Kalpana Saroj is an Indian entrepreneur and a Tedx speaker. She is the Chairperson of Kamani Tubes in Mumbai, India.

Described as the original "Slumdog Millionaire", she  bought the distressed assets of Kamani Tubes Company and successfully steered the company back to profitability.

Early life
Saroj was born in 1961 in Roperkheda village in, Akola, Maharashtra, India, to a Marathi Buddhist family, the eldest of three daughters and two sons. Saroj's father served as a police constable at Repatkhed village in Akola. Kalpana Saroj was married at the age of 12 and lived in a slum in Mumbai with her husband's family. After suffering physical abuse at the hands of her husband's family members, she was rescued by her father, left her husband and returned to her village to live with her parents. She attempted suicide after being ostracized by the villagers.  At the age of 16, she moved back to Mumbai to live with her uncle. She started working in a garment factory to support her family. Using government loans for scheduled caste people, she successfully started a tailoring business and then a furniture store.

Entrepreneurial ventures
Kalpana Saroj started KS Film Production and produced her first movie which was dubbed in English, Telugu and Hindi. Khairalnji Movie is produced by Deelip Mhaske, Jyoti Reddy and Mannan Gore under Kalpana Saroj's banner.

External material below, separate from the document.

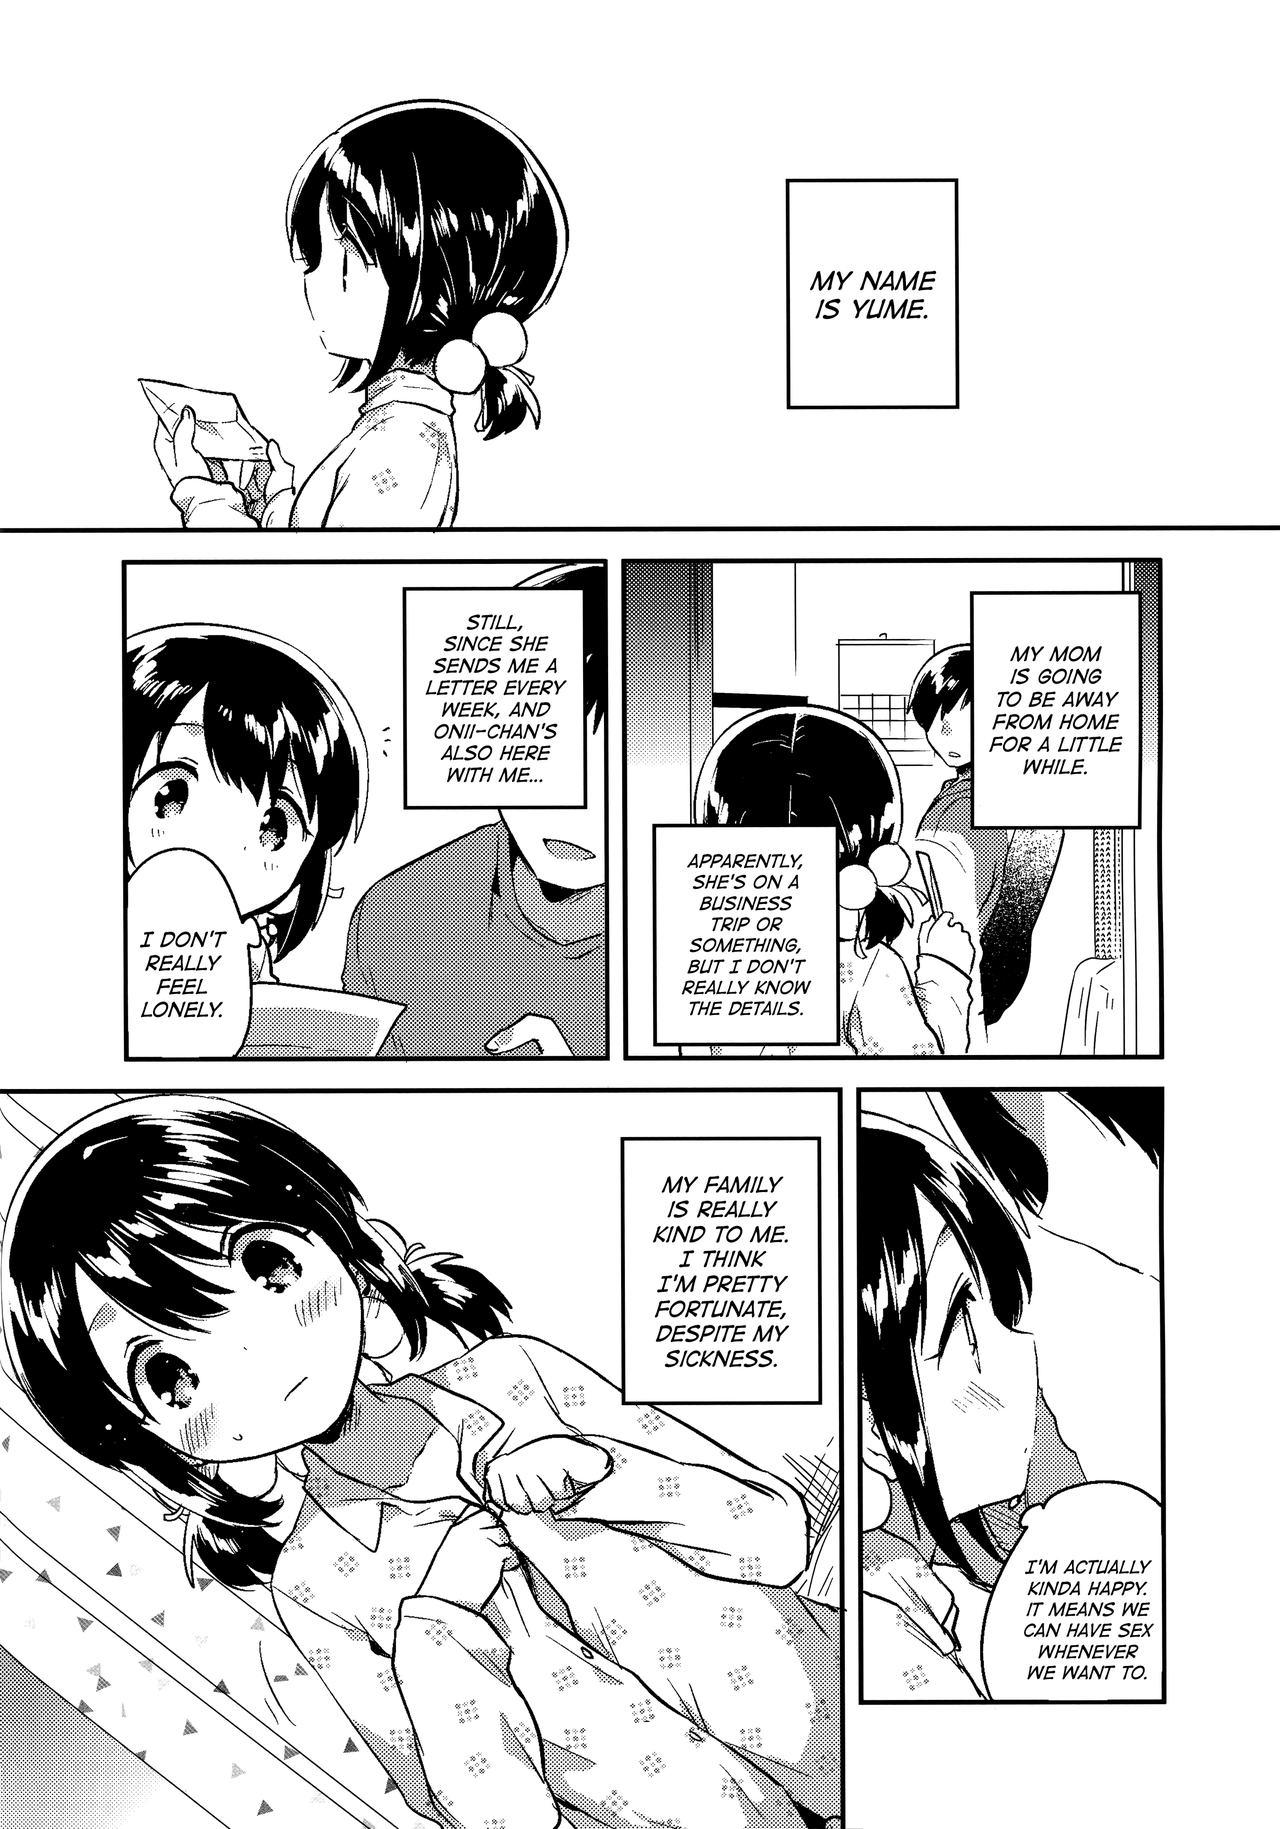 Imouto wa Sickness no Omake | My Little Sister is Sickly: Extra Story 1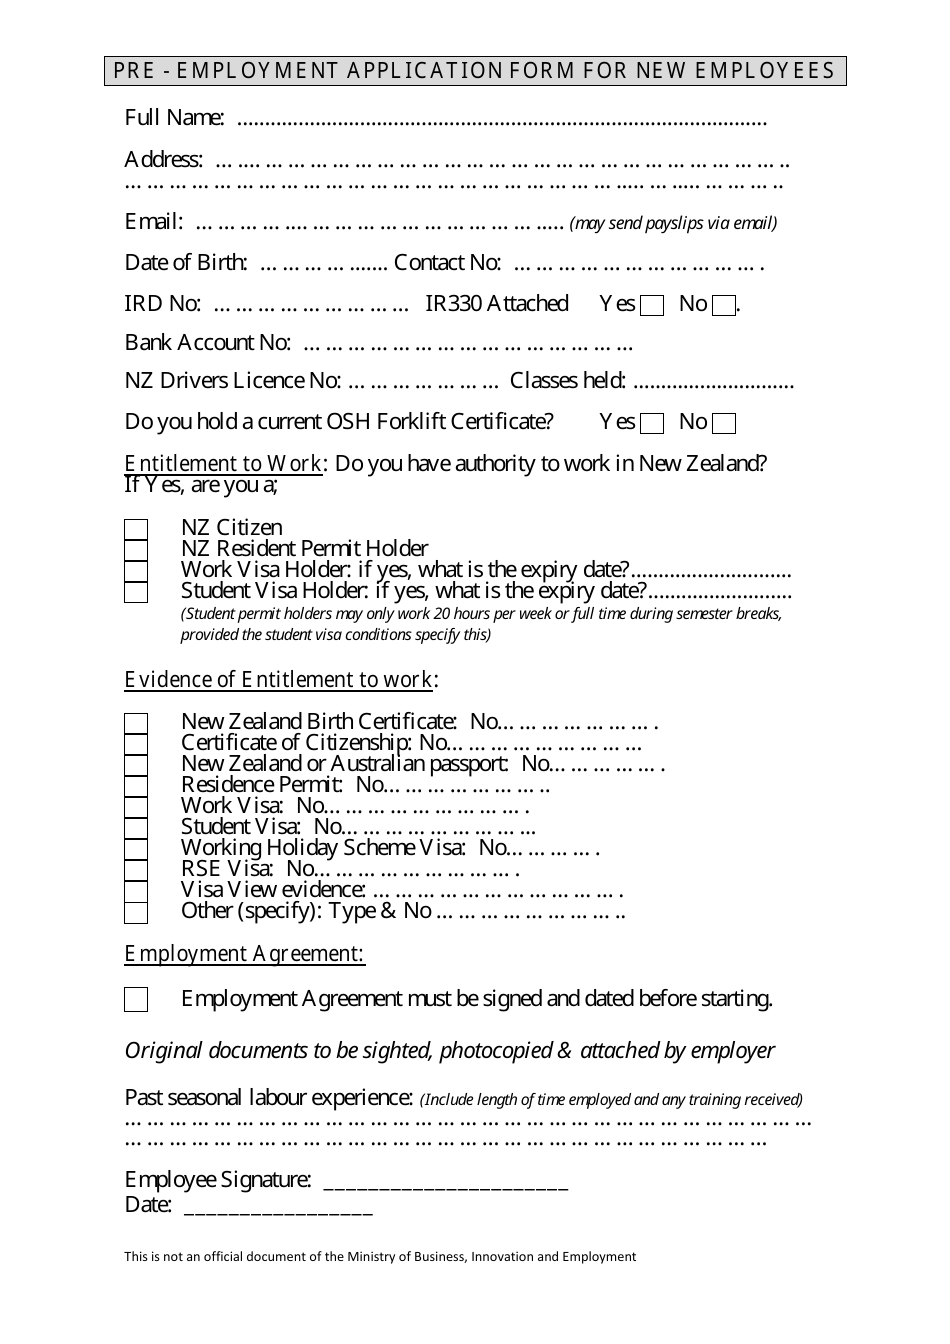 Pre-employment Application Form for New Employees Template, Page 1

She built up a successful real estate business and came to be known for her contacts and entrepreneurial skills. She was on the board of Kamani Tubes when it went into liquidation in 2001, and after taking over the company, she restructured it and brought it back to profit.

According to her own estimates, she has personal assets worth $112 million.

Personal life
Saroj is a Buddhist. She is inspired by and follows teachings of Dr. Ambedkar. In 1980, she remarried Samir Saroj at the age of 22, with whom she has a son, Amar Saroj (b. 1985), and a daughter, Seema Saroj (b. 1987). In 1989, her husband died, and Saroj inherited his steel cupboard manufacturing business.

Awards and recognition
Kalpana Saroj was awarded the Padma Shri for Trade and Industry in 2013.

She was appointed to the board of directors of Bhartiya Mahila Bank, a bank primarily for women, by the Government of India.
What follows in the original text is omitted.